■ **WORK INSTRUCTION**: Within the records below is a range that opens at the line with "Carol Centre" and closes at the line with "Детский стол и". Return that range word for word, both ends included, and only that range.

■ **INPUT FOR THIS TASK**:
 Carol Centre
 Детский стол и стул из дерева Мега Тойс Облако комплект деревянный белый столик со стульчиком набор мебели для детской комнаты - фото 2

...

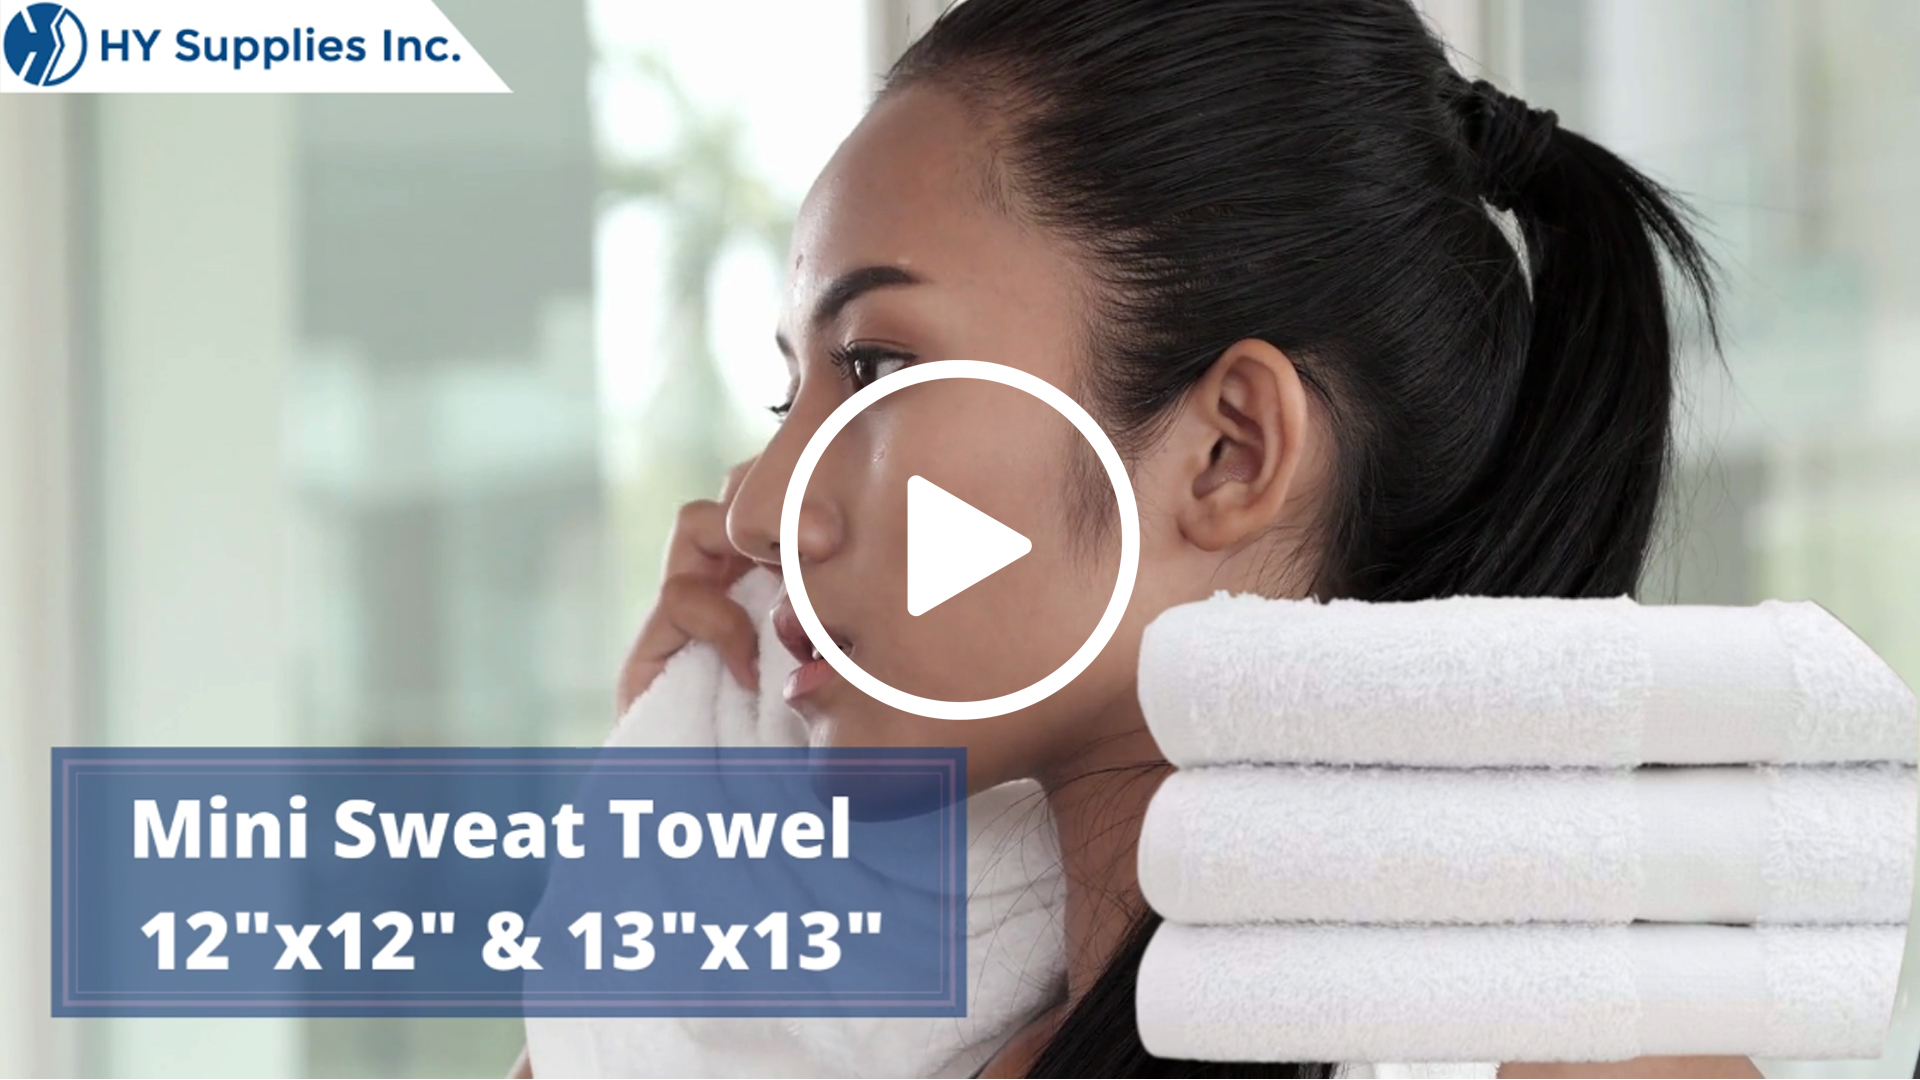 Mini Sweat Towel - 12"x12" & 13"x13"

...

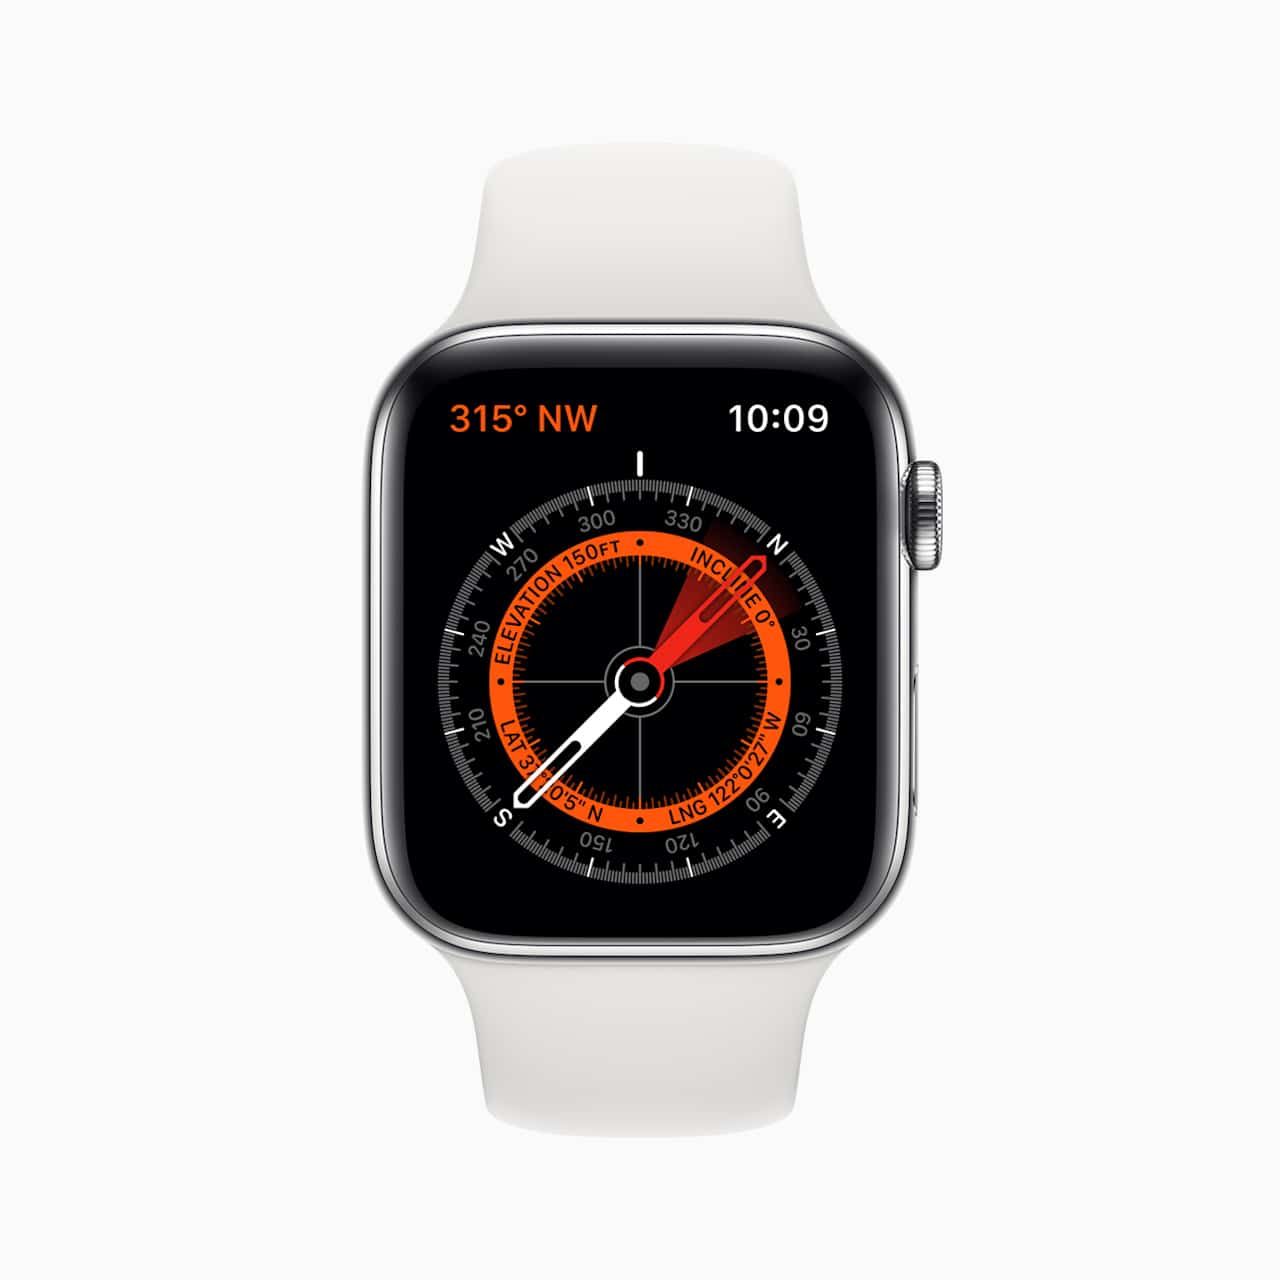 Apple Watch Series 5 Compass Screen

■ **EXERCISE ANSWER**:
 Carol Centre
 Детский стол и стул из дерева Мега Тойс Облако комплект деревянный белый столик со стульчиком набор мебели для детской комнаты - фото 2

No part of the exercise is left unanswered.